> _COLLECTED DATA_:
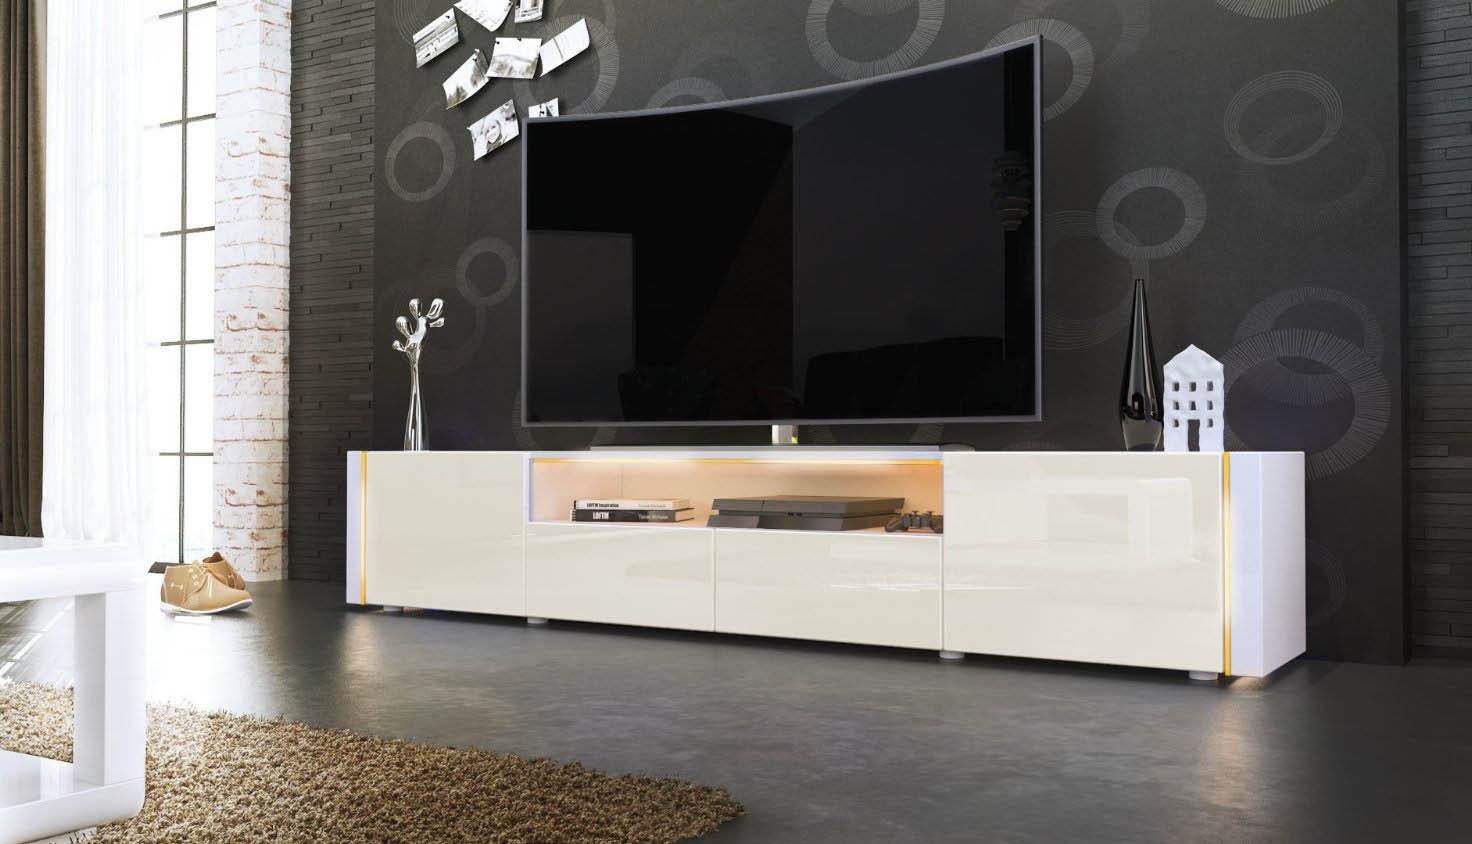 Illuminazione Soggiorno Moderno : Casanova porta tv moderno mobile soggiorno bianco con led
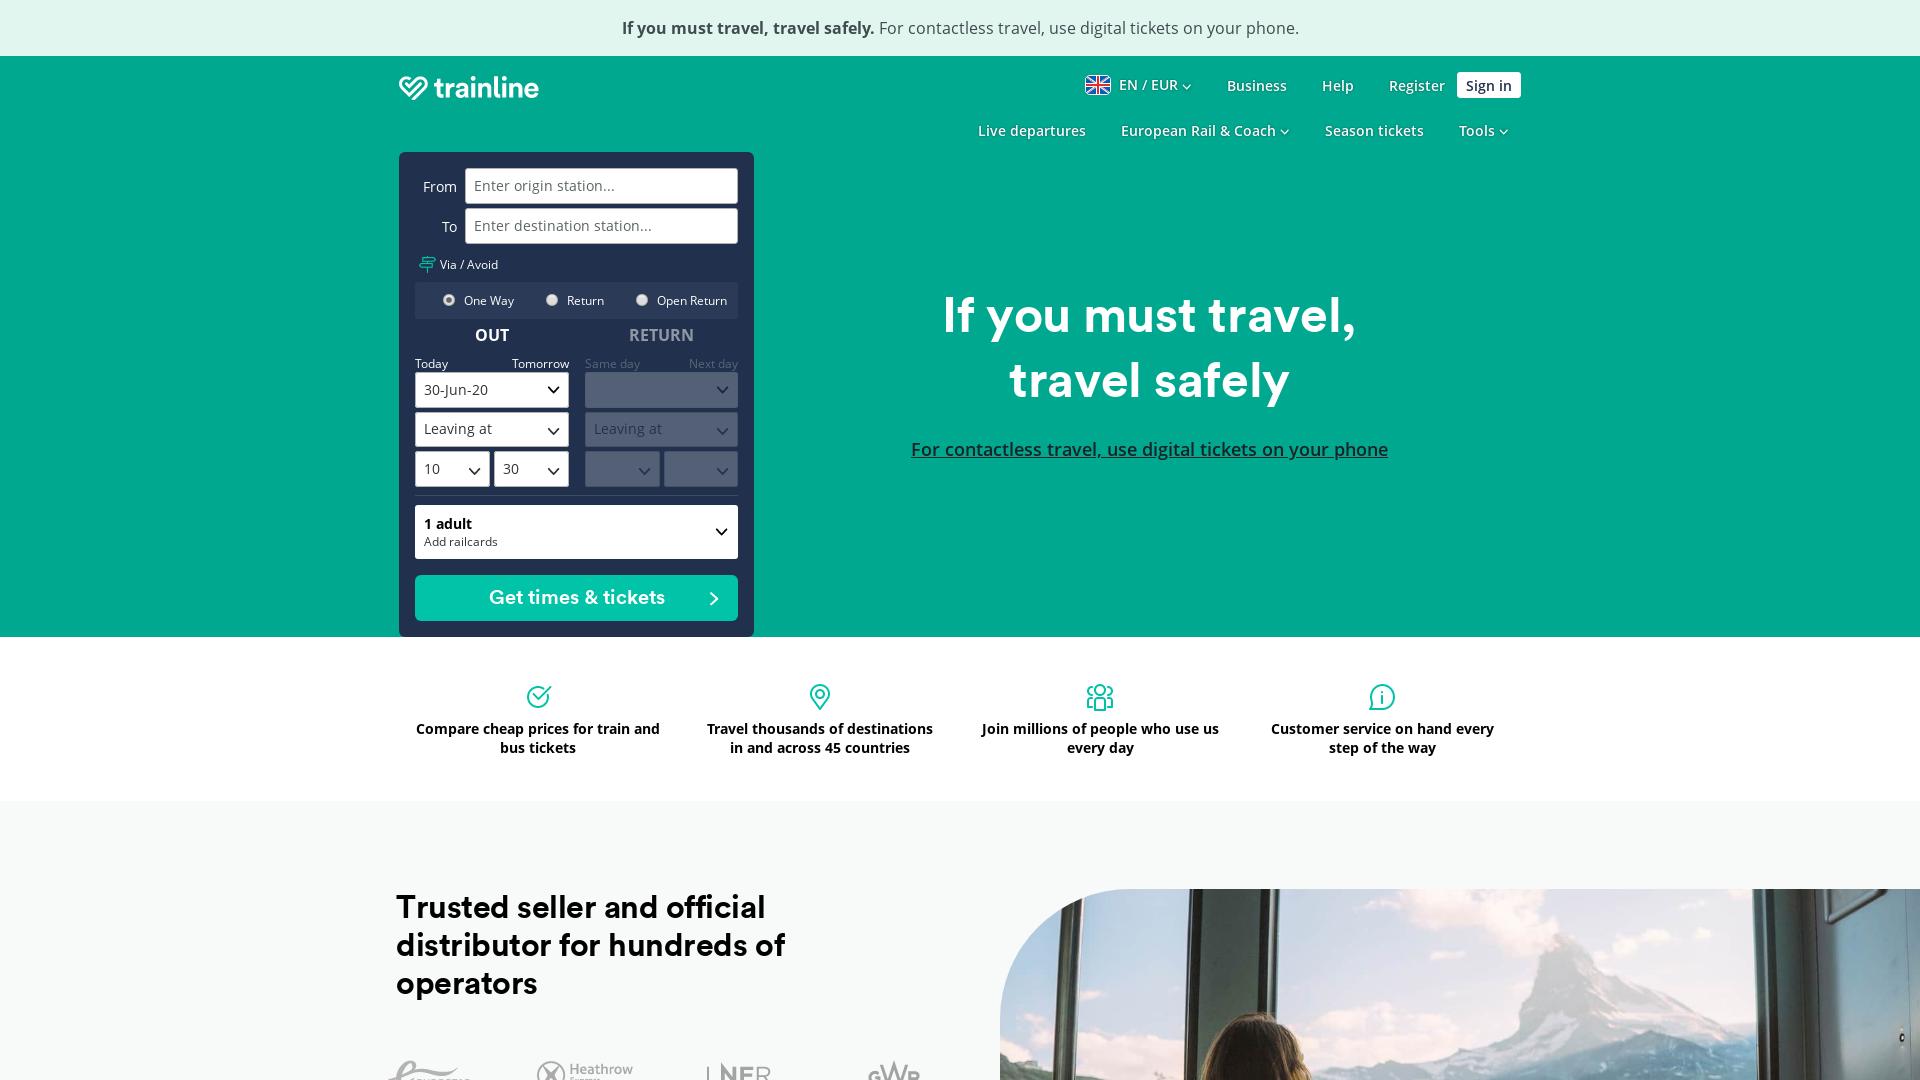 Trainline UK website
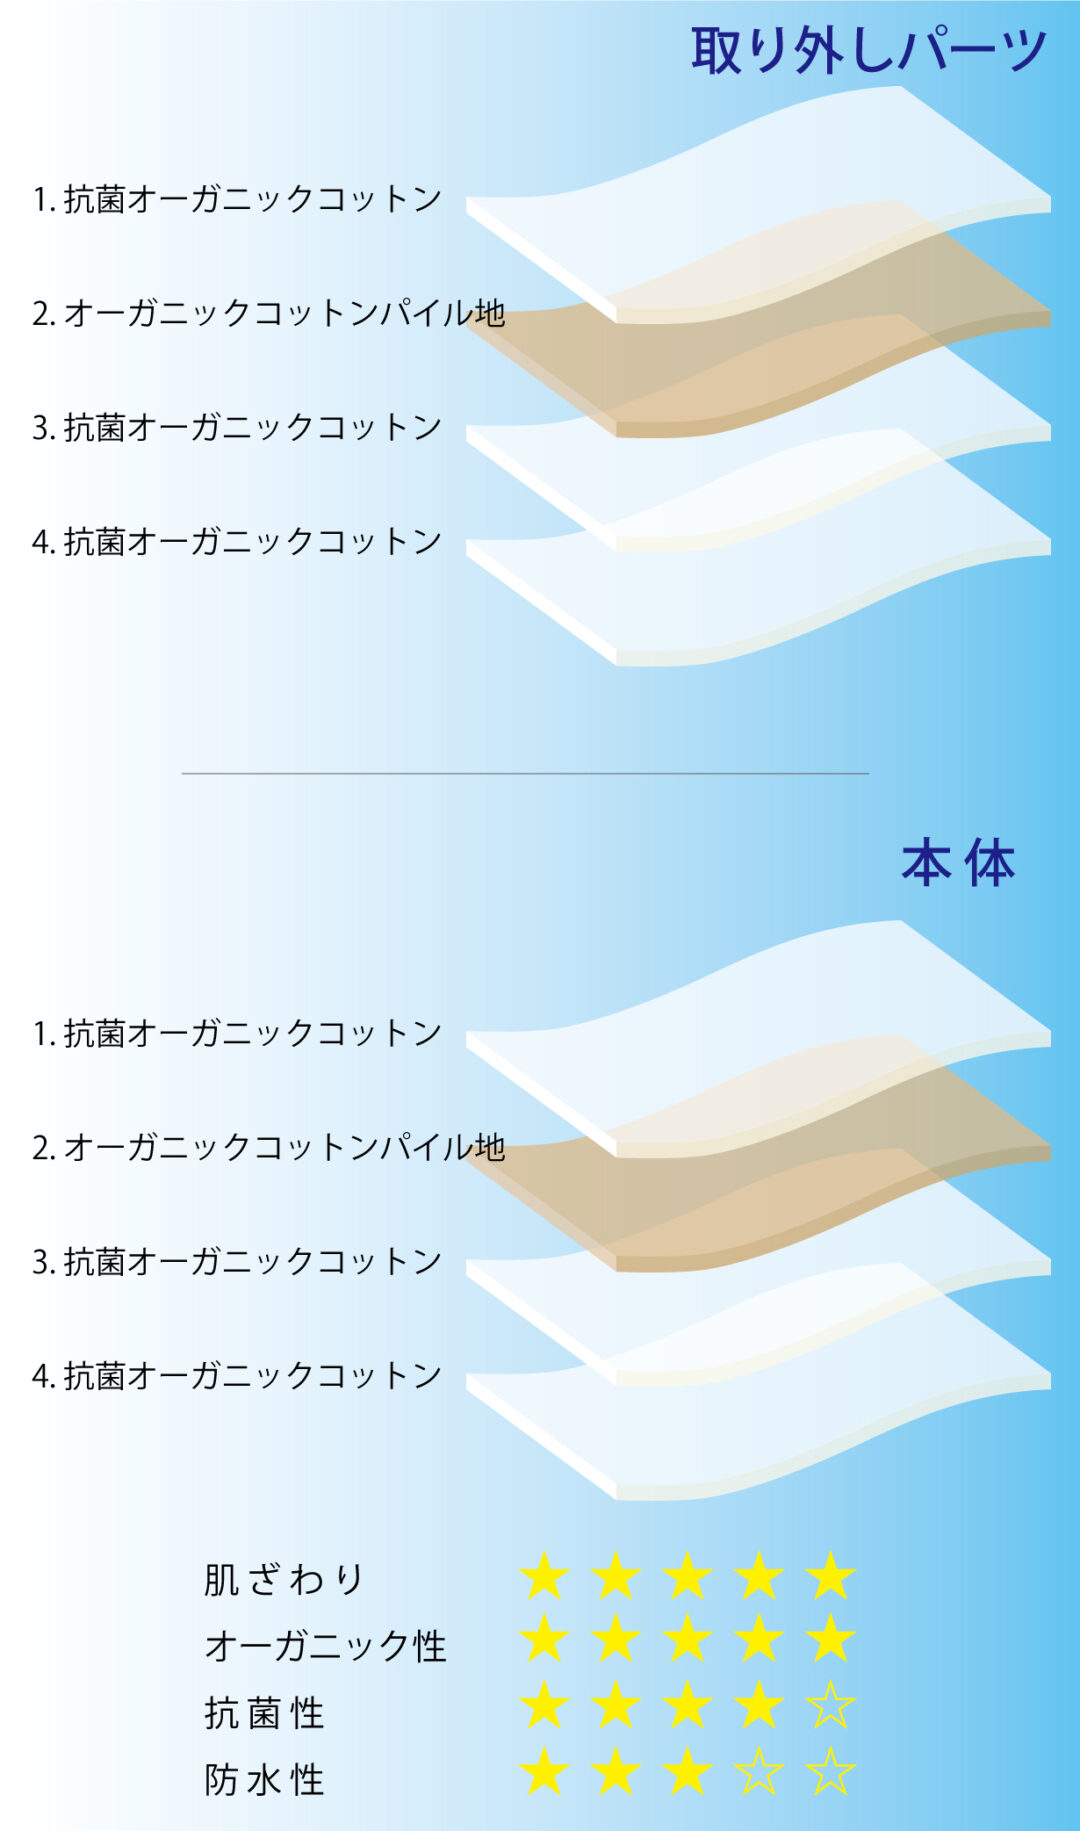 スーパー布ナプキン

> _TASK TO CARRY OUT_:
All of the material goes into the answer exactly as it stands, except for the pictures.

> _TASK ANSWER_:
 Illuminazione Soggiorno Moderno : Casanova porta tv moderno mobile soggiorno bianco con led
 Trainline UK website
 スーパー布ナプキン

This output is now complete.